Coalition Builder implements database-backed rate limiting to prevent abuse and ensure fair usage of the platform. This approach provides perfect development/production parity while eliminating external dependencies like Redis or DynamoDB.

Overview

The rate limiting system uses Django's database cache backend with PostgreSQL to provide:

  • Consistent behavior across all environments
  • Atomic operations for accurate rate tracking
  • Cost efficiency by reusing existing database
  • Simple deployment with no additional services

Architecture

Database Cache Backend

The system uses Django's database cache, which stores rate limit data in a dedicated table:

CACHES = {
    'default': {
        'BACKEND': 'django.core.cache.backends.db.DatabaseCache',
        'LOCATION': 'django_cache',
    }
}

Rate Limiter Implementation

The DatabaseRateLimiter class provides:

  • Environment-isolated rate tracking
  • Time-window based limiting
  • Graceful error handling (fail-open)
  • Atomic increment operations

Configuration

Environment Variables

Rate limiting can be configured through environment variables:

# Maximum submission attempts (default: 3)
ENDORSEMENT_RATE_LIMIT_MAX_ATTEMPTS=3

# Time window in seconds (default: 300 = 5 minutes)
ENDORSEMENT_RATE_LIMIT_WINDOW=300

Database Setup

The cache table is created automatically during deployment:

# Create cache table
python manage.py createcachetable

# For production (via Zappa)
zappa manage prod createcachetable

Usage

In Views

The rate limiter is primarily used in the endorsement submission flow:

from coalition.core.database_rate_limiter import get_rate_limiter

def submit_endorsement(request):
    limiter = get_rate_limiter()
    ip_address = get_client_ip(request)

    # Check if rate limited
    if limiter.is_rate_limited(ip_address, max_attempts=3, window_seconds=300):
        return HttpResponse("Rate limit exceeded", status=429)

    # Process endorsement
    # ...

Spam Prevention Integration

The SpamPreventionService automatically applies rate limiting:

from coalition.endorsements.spam_prevention import SpamPreventionService

# Check rate limit
rate_limit_result = SpamPreventionService.check_rate_limit(request)
if not rate_limit_result["allowed"]:
    return JsonResponse({
        "error": rate_limit_result["message"],
        "retry_after": rate_limit_result["reset_in"]
    }, status=429)

API

DatabaseRateLimiter Methods

is_rate_limited(key, max_attempts, window_seconds)

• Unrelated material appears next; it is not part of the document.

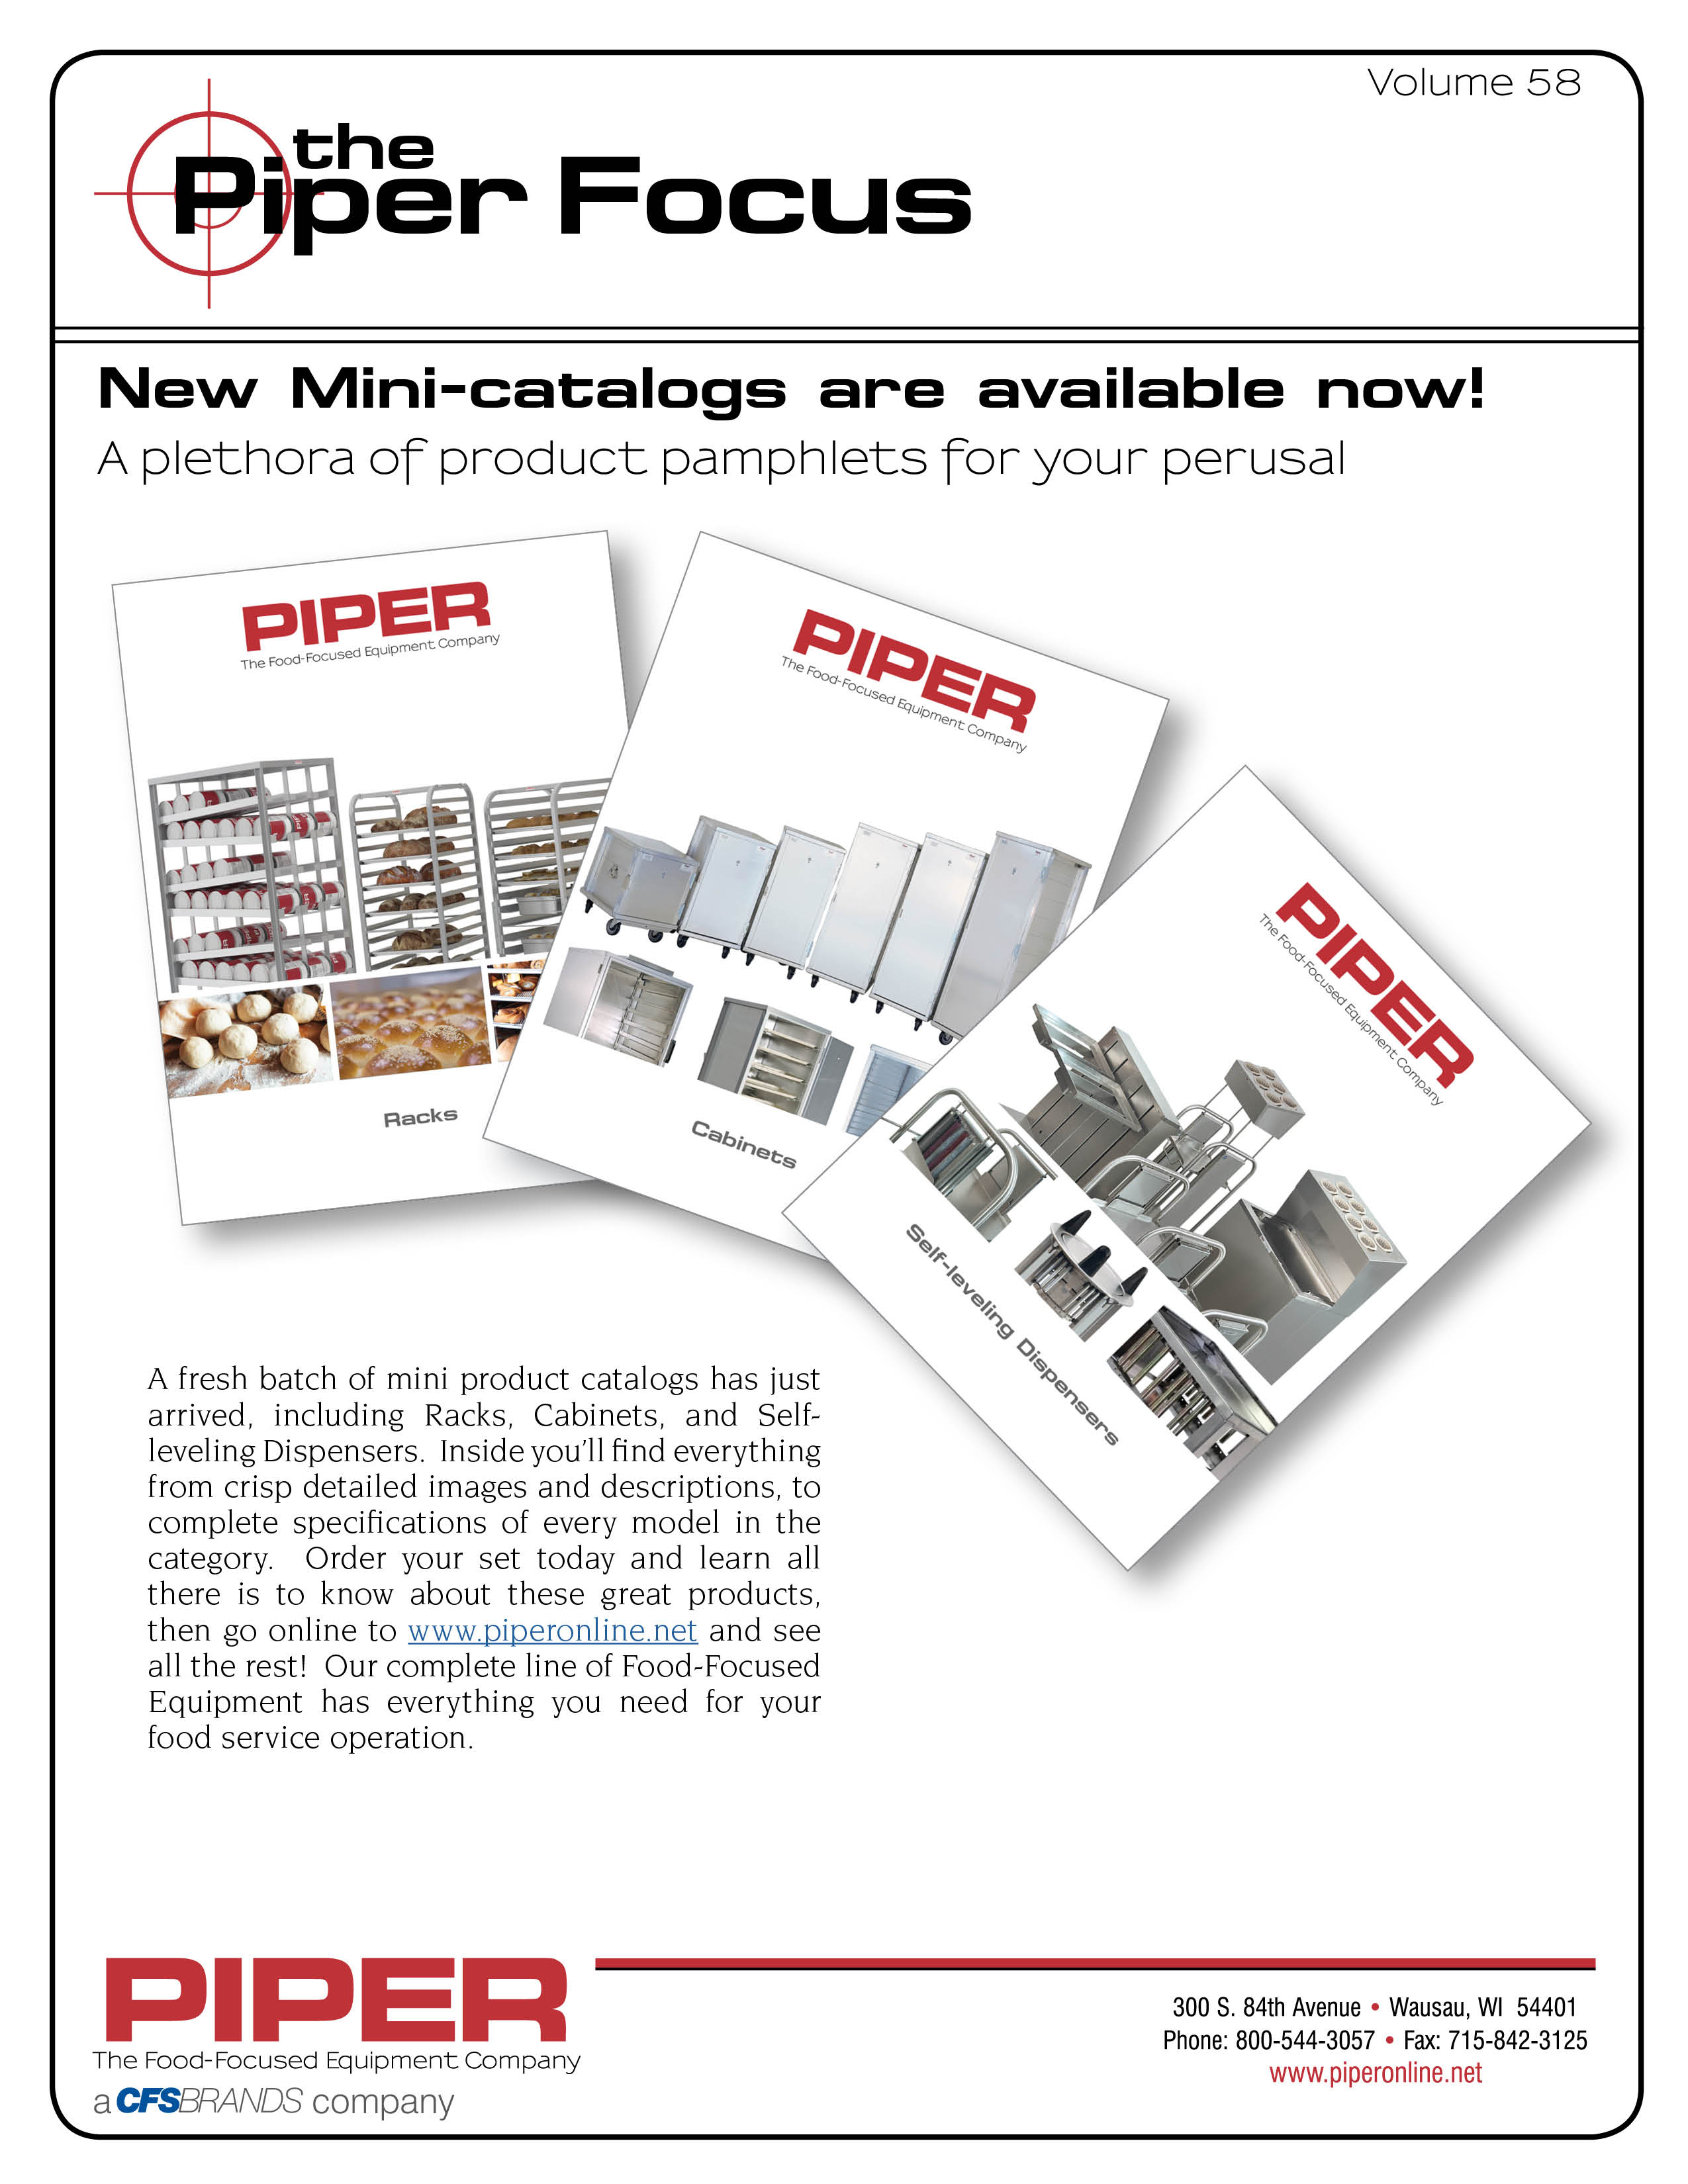 Piper Focus Vol.58 - New Mini-Catalogs

Check if a key is rate limited.

Parameters:

  • key (str): Identifier to rate limit (e.g., IP address)
  • max_attempts (int): Maximum attempts allowed
  • window_seconds (int): Time window in seconds

Returns: Boolean (True if rate limited)

get_remaining_attempts(key, max_attempts, window_seconds)

Get remaining attempts for a key.

Returns: Integer (number of remaining attempts)

get_rate_limit_info(key, max_attempts, window_seconds)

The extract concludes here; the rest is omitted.